# Moving from Linux to FreeBSD



## towelfox (Jan 30, 2010)

I've been experimenting with FreeBSD on and off for several years but I've always found my way back to Linux because something didn't work for me - Usually Flash or my wireless card (wpi) - Quite possibly because I didn't read the manual properly, but it was a hassle.

This week I have been trying again with 8-Stable, and everything I have wanted to do has worked well. I am particularly impressed with Linux compatibility. Flash in native Firefox works well but it has been flawless when using linux-firefox.

Overall, I'd say my laptop feels more responsive using FreeBSD than it did under Arch Linux with a similar configuration (KDE4 + desktop effects + more browser windows than I really need).

Thank you to everyone who has made this possible.  I will look for some way to contribute in the future.


----------



## klanger (Jan 30, 2010)

> Overall, I'd say my laptop feels more responsive using FreeBSD than it did under Arch Linux with a similar configuration (KDE4 + desktop effects + more browser windows than I really need).



yeah, I've felt the same thing - but with gnome 



> Thank you to everyone who has made this possible. I will look for some way to contribute in the future.



+1


----------



## dennylin93 (Jan 30, 2010)

My computer used to freeze or lag a bit as well when I used Windows. Now it rarely happens.


----------



## caesius (Jan 30, 2010)

towelfox said:
			
		

> I've been experimenting with FreeBSD on and off for several years but I've always found my way back to Linux because something didn't work for me - Usually Flash or my wireless card (wpi) - Quite possibly because I didn't read the manual properly, but it was a hassle.
> 
> This week I have been trying again with 8-Stable, and everything I have wanted to do has worked well. I am particularly impressed with Linux compatibility. Flash in native Firefox works well but it has been flawless when using linux-firefox.
> 
> ...



In my experience, a lot of the time a *problem* I was having under FreeBSD turned out to be something very simple. Some problems have frustrated the hell out of my but eventually it gets solved and at the end of it you're glad to be still running such a brilliant OS.

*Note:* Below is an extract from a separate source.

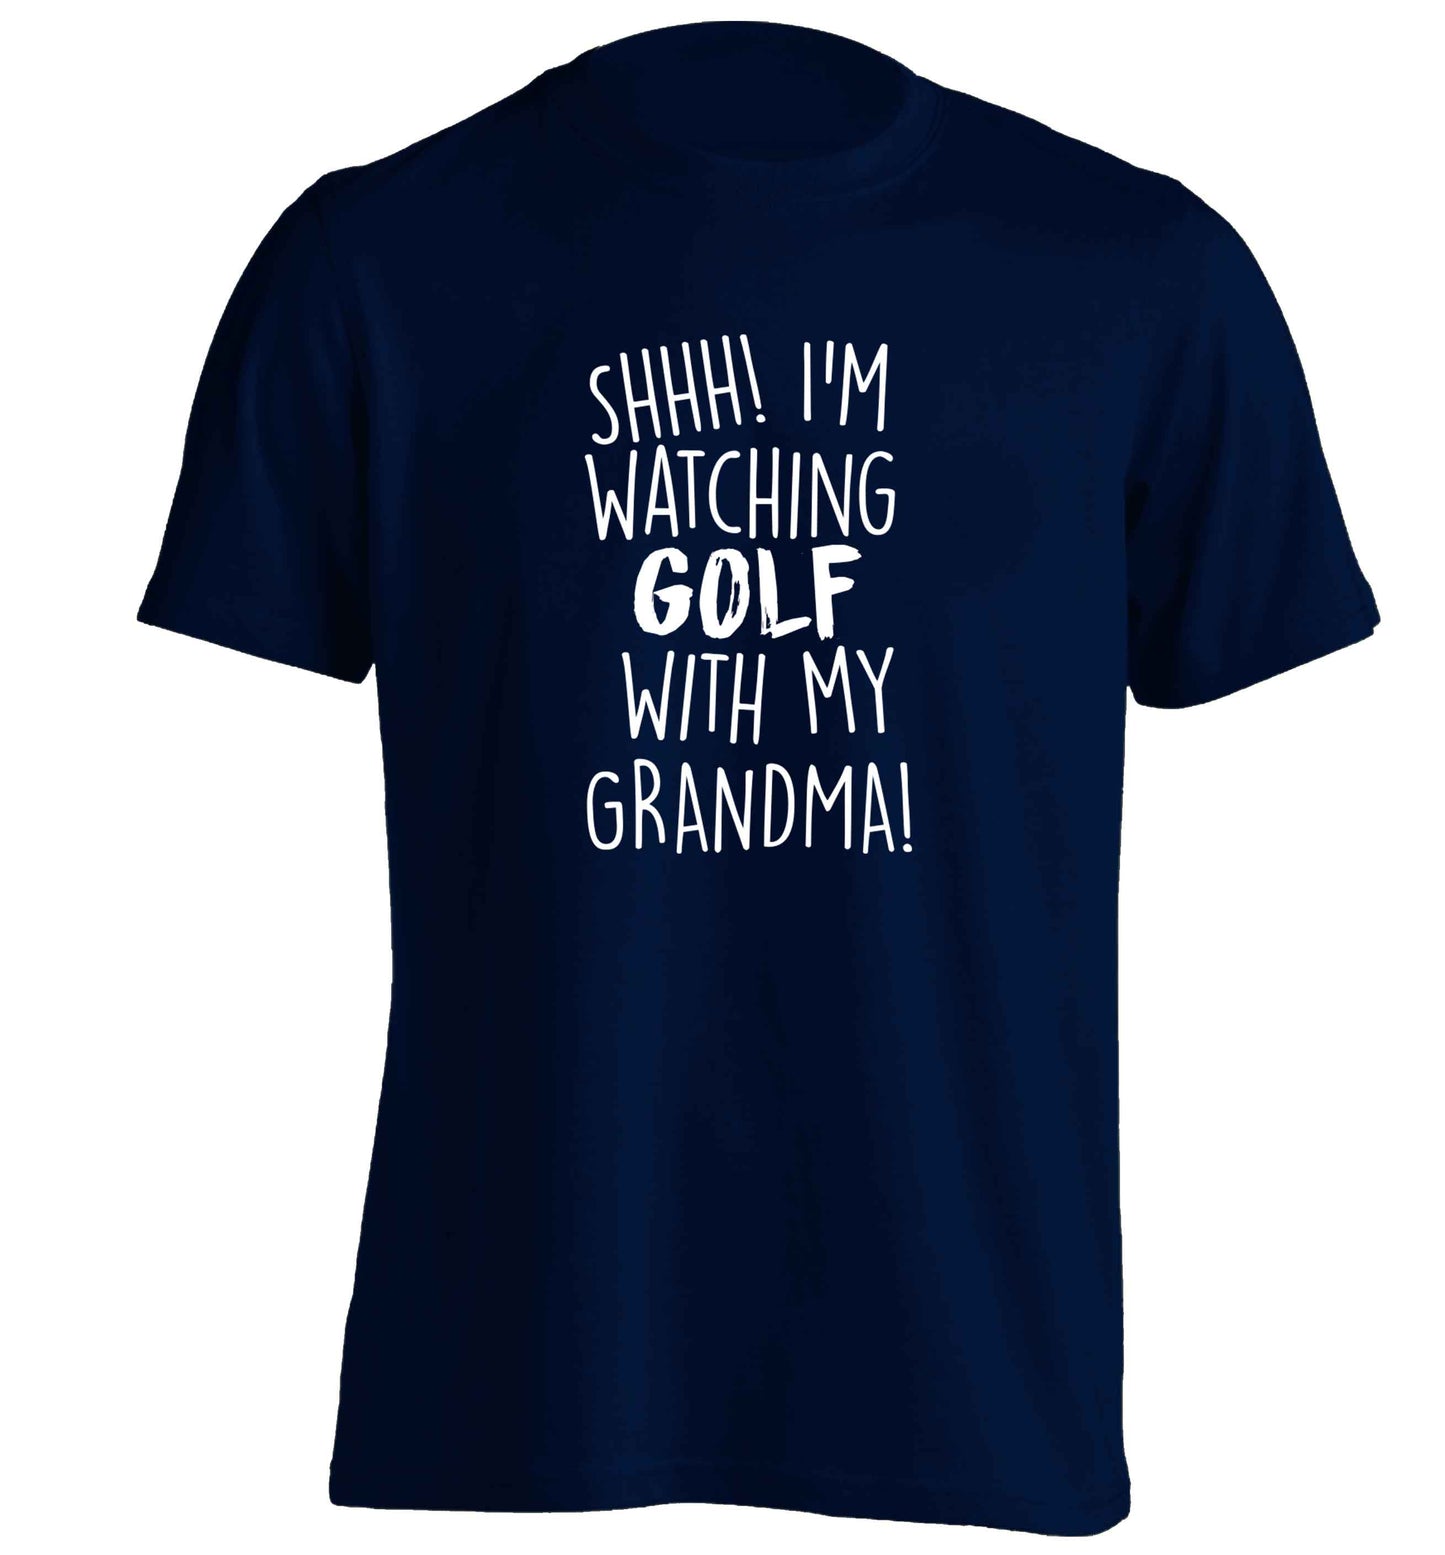 Shh I'm watching golf with my grandma adults unisex navy Tshirt 2XL

Best of luck and I hope you decide to stick with FreeBSD.


----------



## vermaden (Jan 30, 2010)

towelfox said:
			
		

> I've been experimenting with FreeBSD on and off for several years but I've always found my way back to Linux because something didn't work for me - Usually Flash or my wireless card (wpi) - Quite possibly because I didn't read the manual properly, but it was a hassle.



Check this for wireless with *wpi*:
http://forums.freebsd.org/showthread.php?t=6443


----------